Exercise details - Make an exact copy of the whole listing, but leave its pictures out.

Raw data -
☆ ☆ ☆
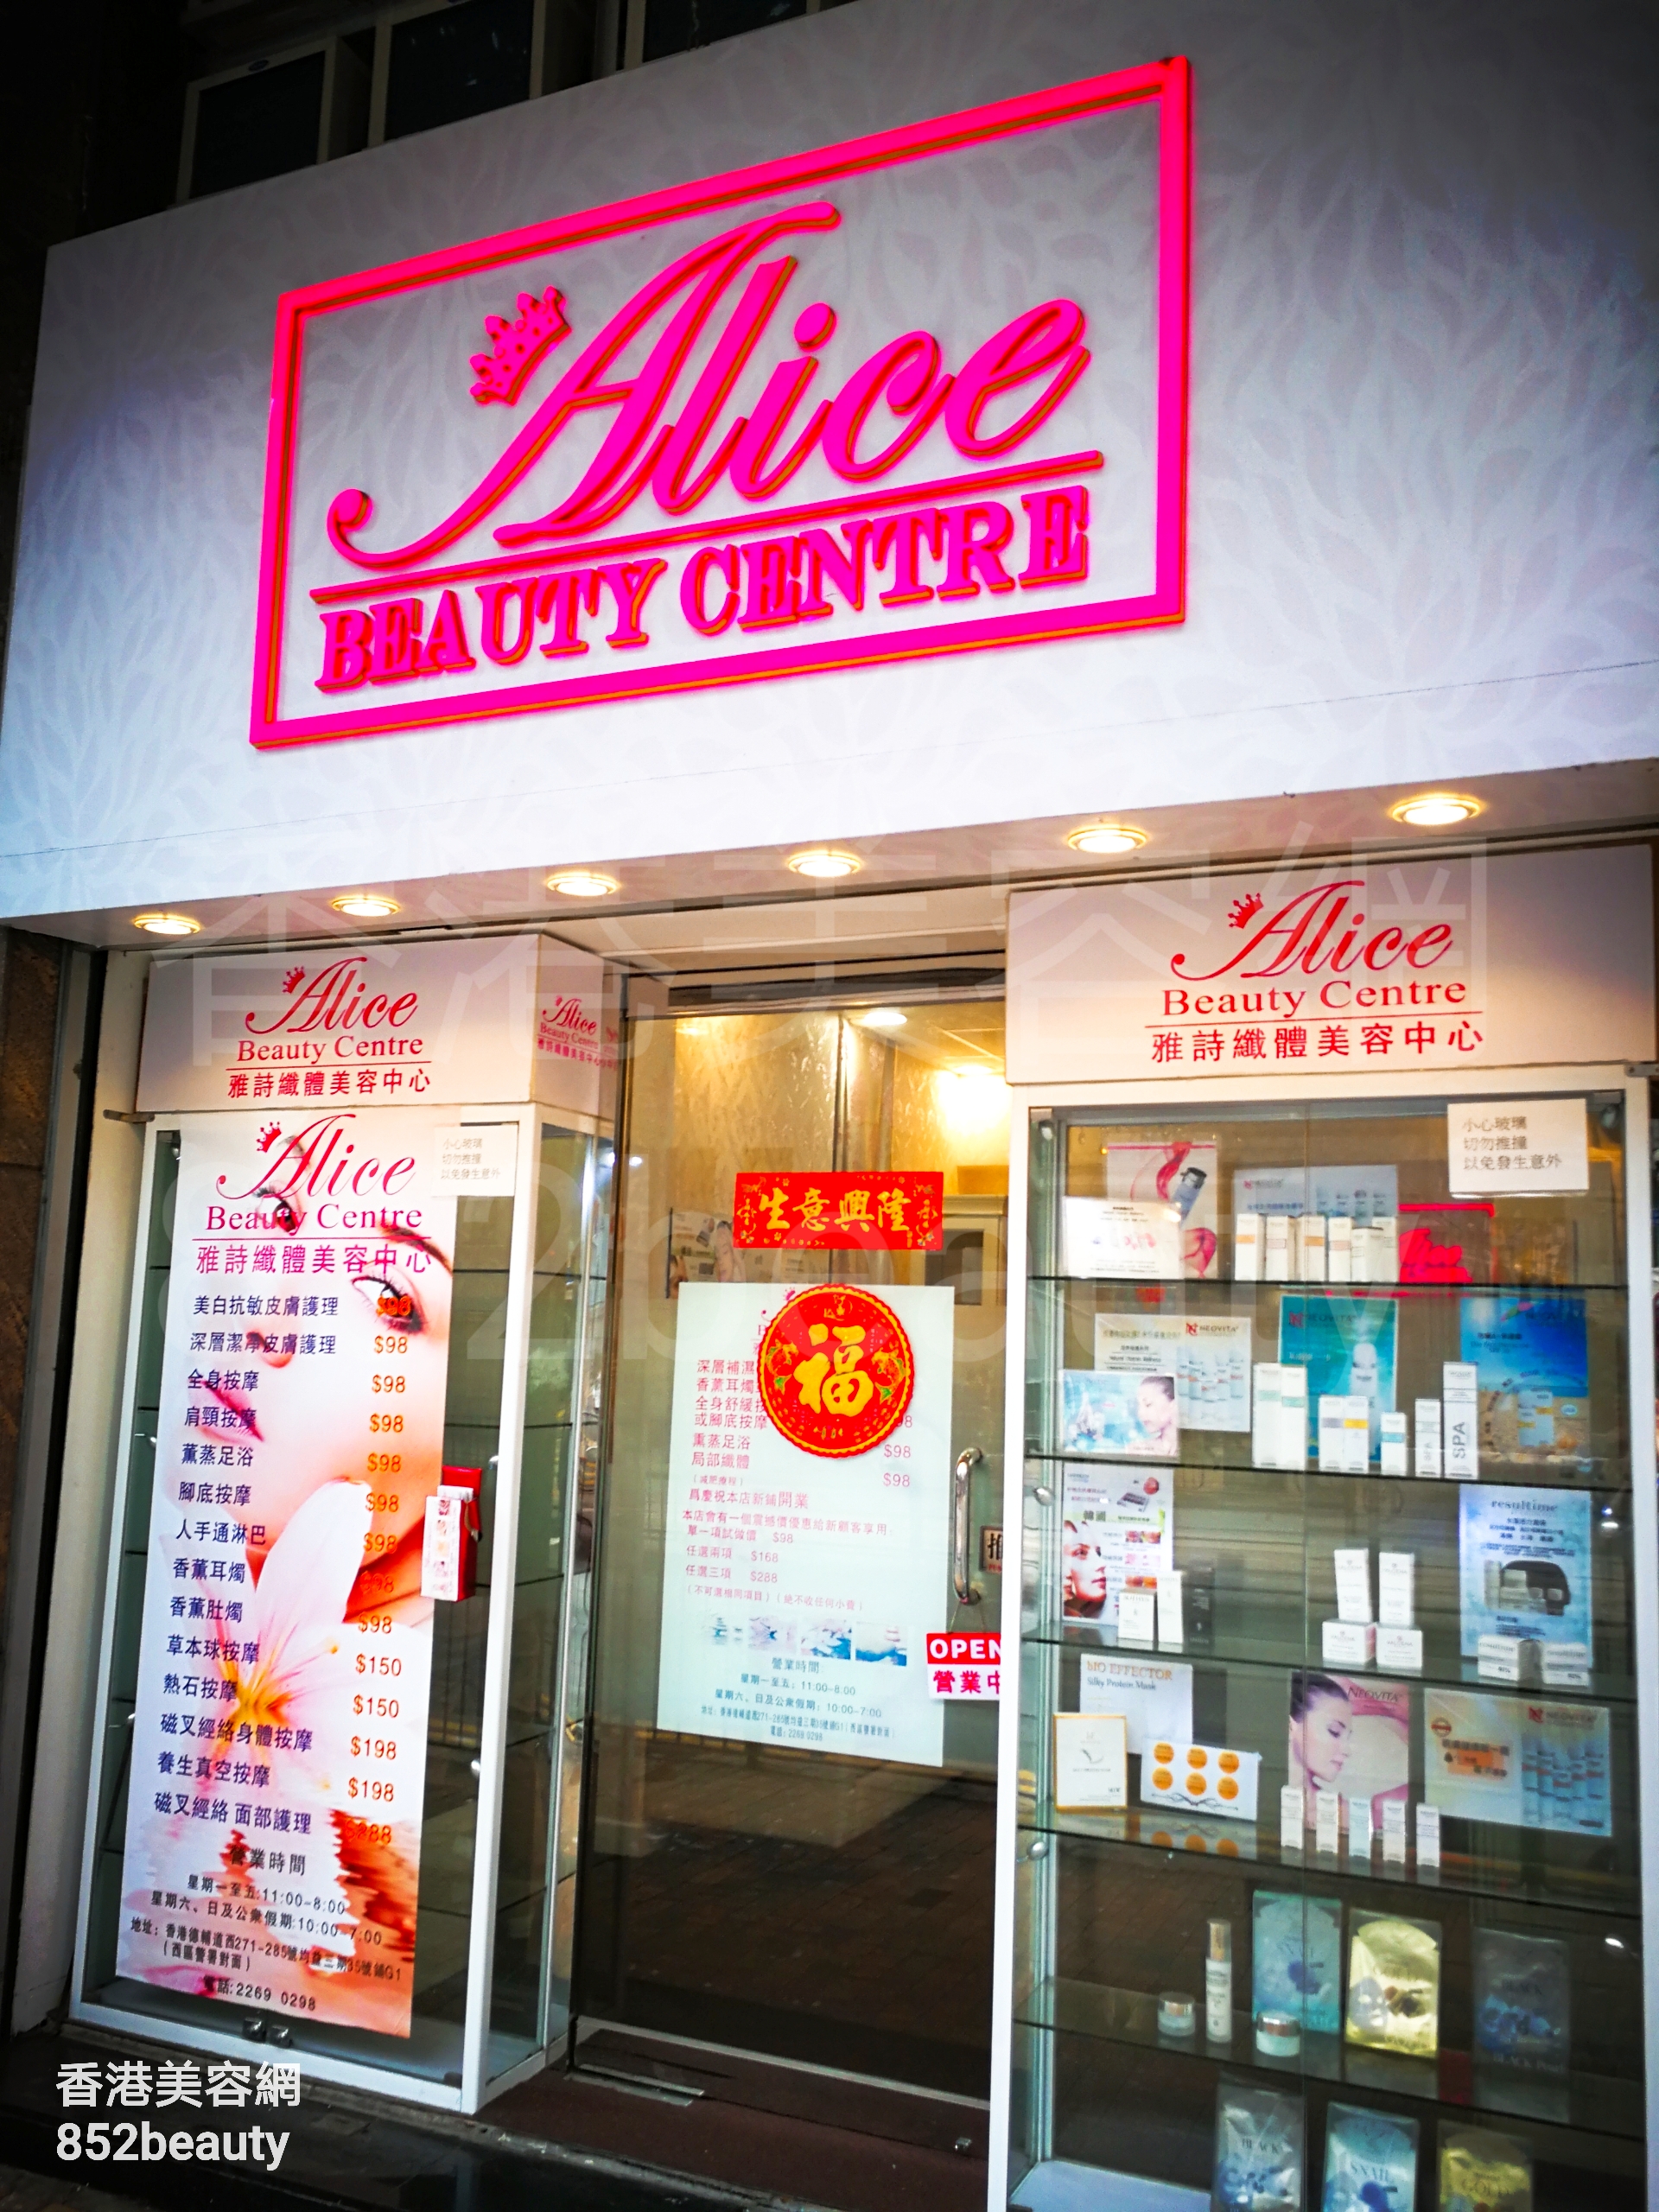 Facial Care: Alice beauty centre 雅詩纖體美容中心 (西營盤店)
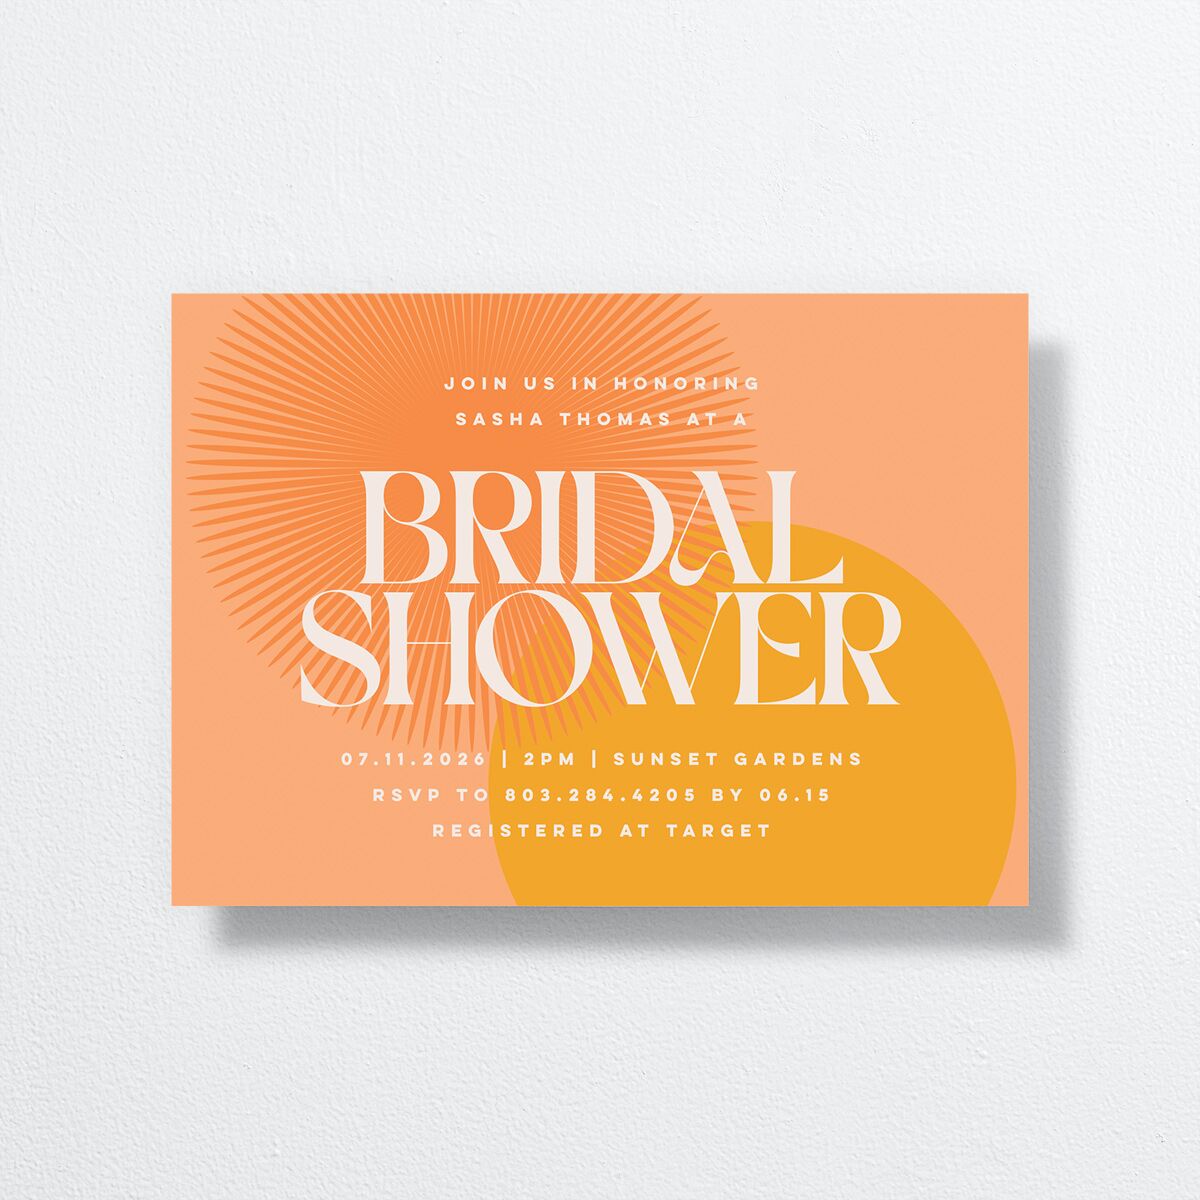 Retro Sunburst Bridal Shower Invitations front in orange
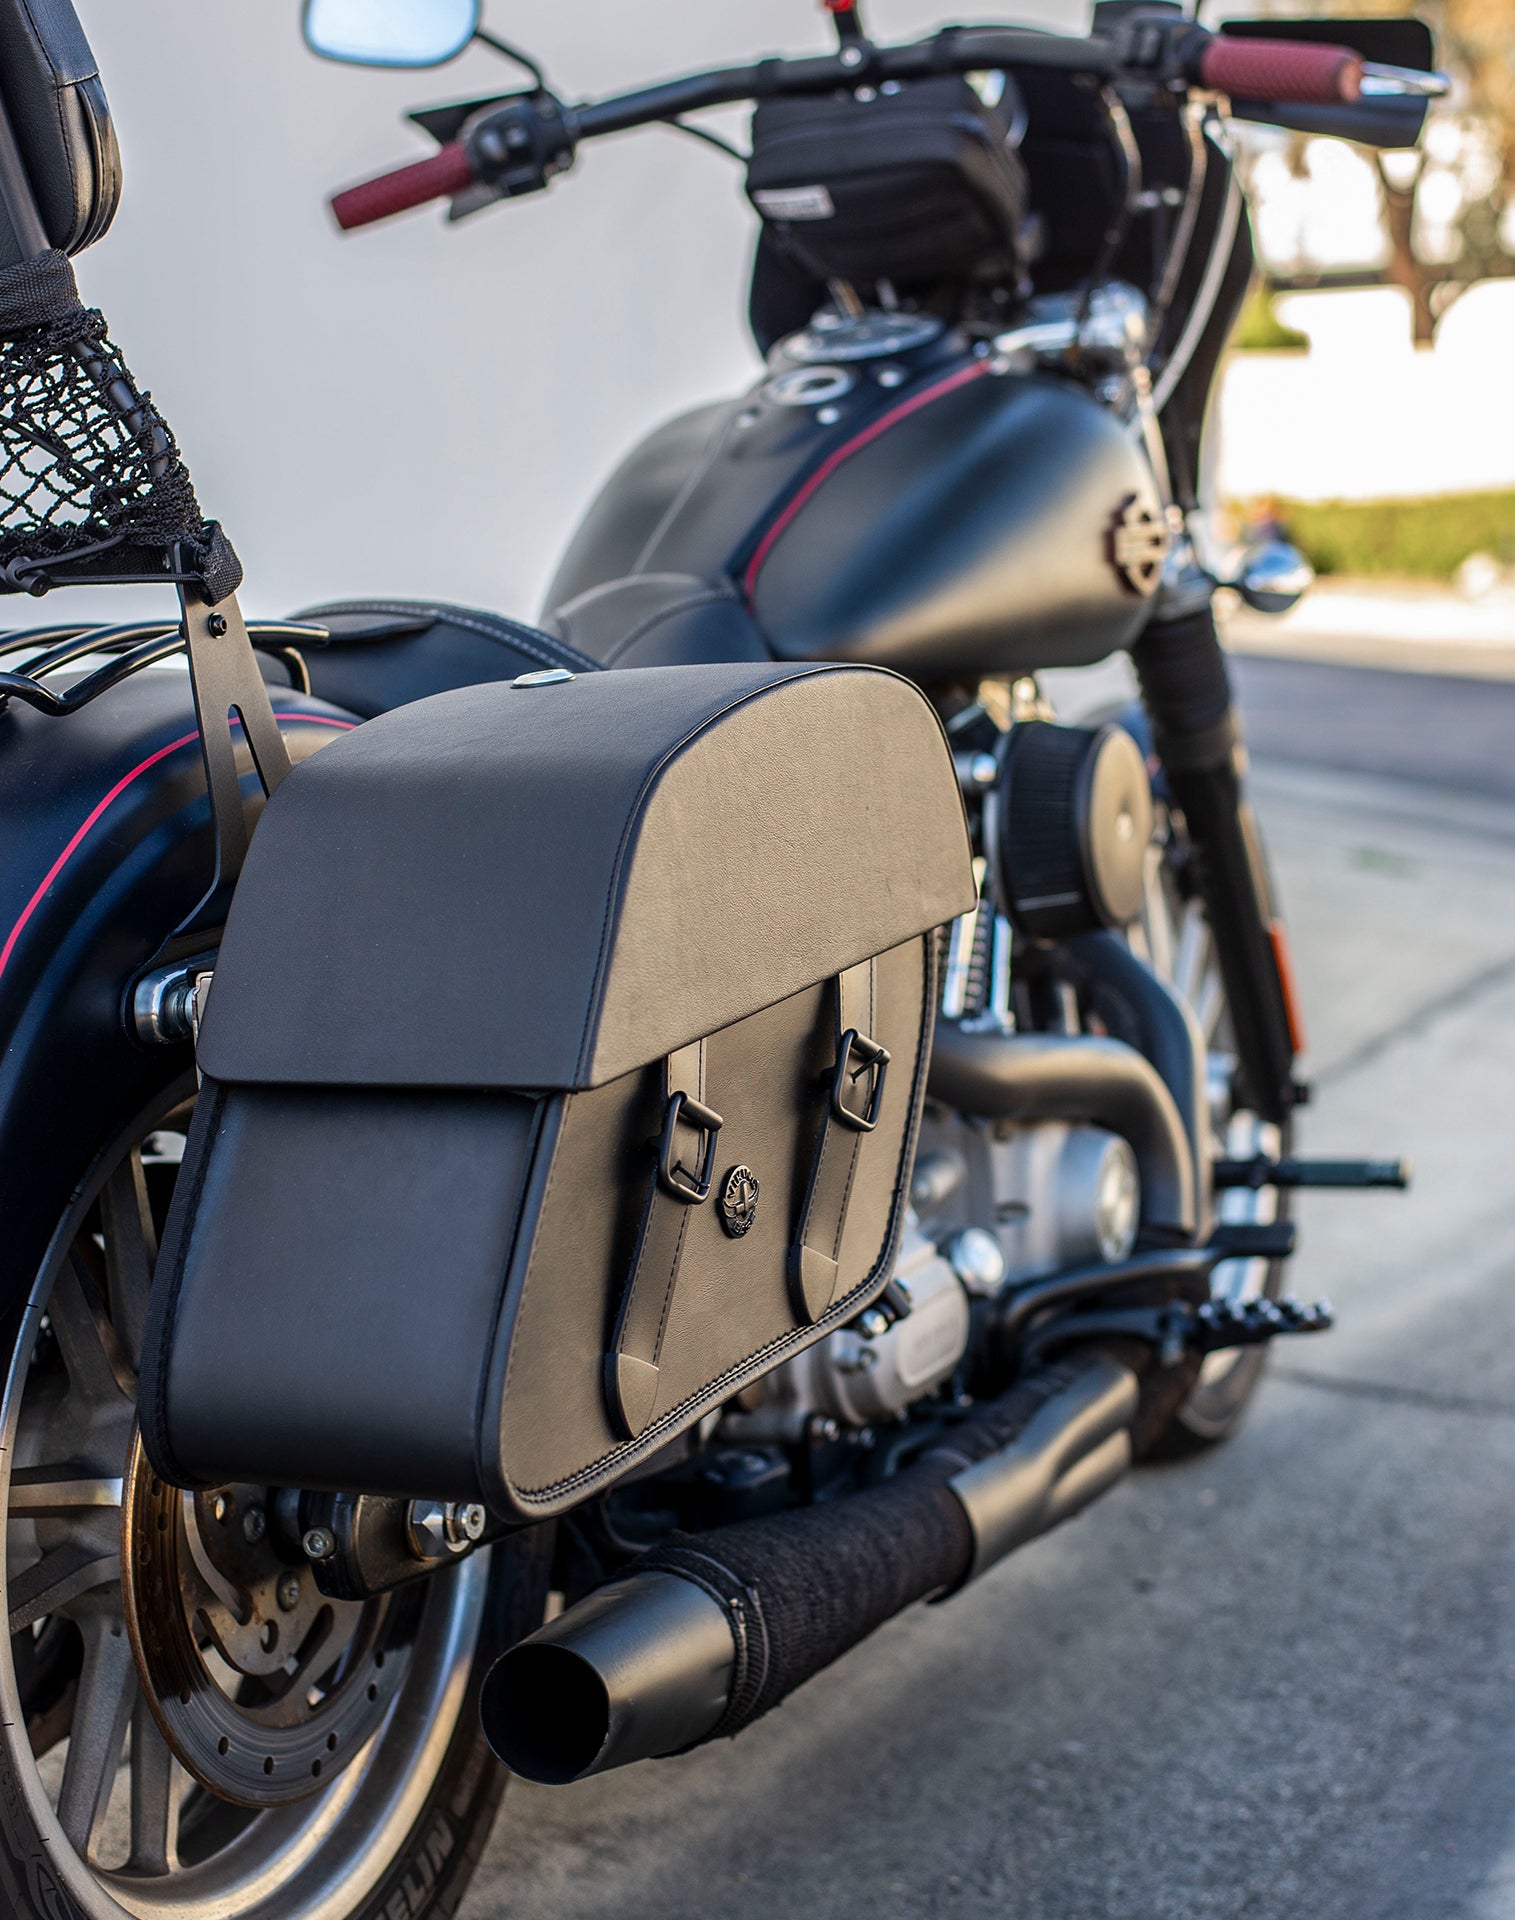 33L - Baelor Large Leather Motorcycle Saddlebags for Harley Dyna Super Glide FXD/I
☆ ☆ ☆
Task result -
 Facial Care: Alice beauty centre 雅詩纖體美容中心 (西營盤店)
 Retro Sunburst Bridal Shower Invitations front in orange
 33L - Baelor Large Leather Motorcycle Saddlebags for Harley Dyna Super Glide FXD/I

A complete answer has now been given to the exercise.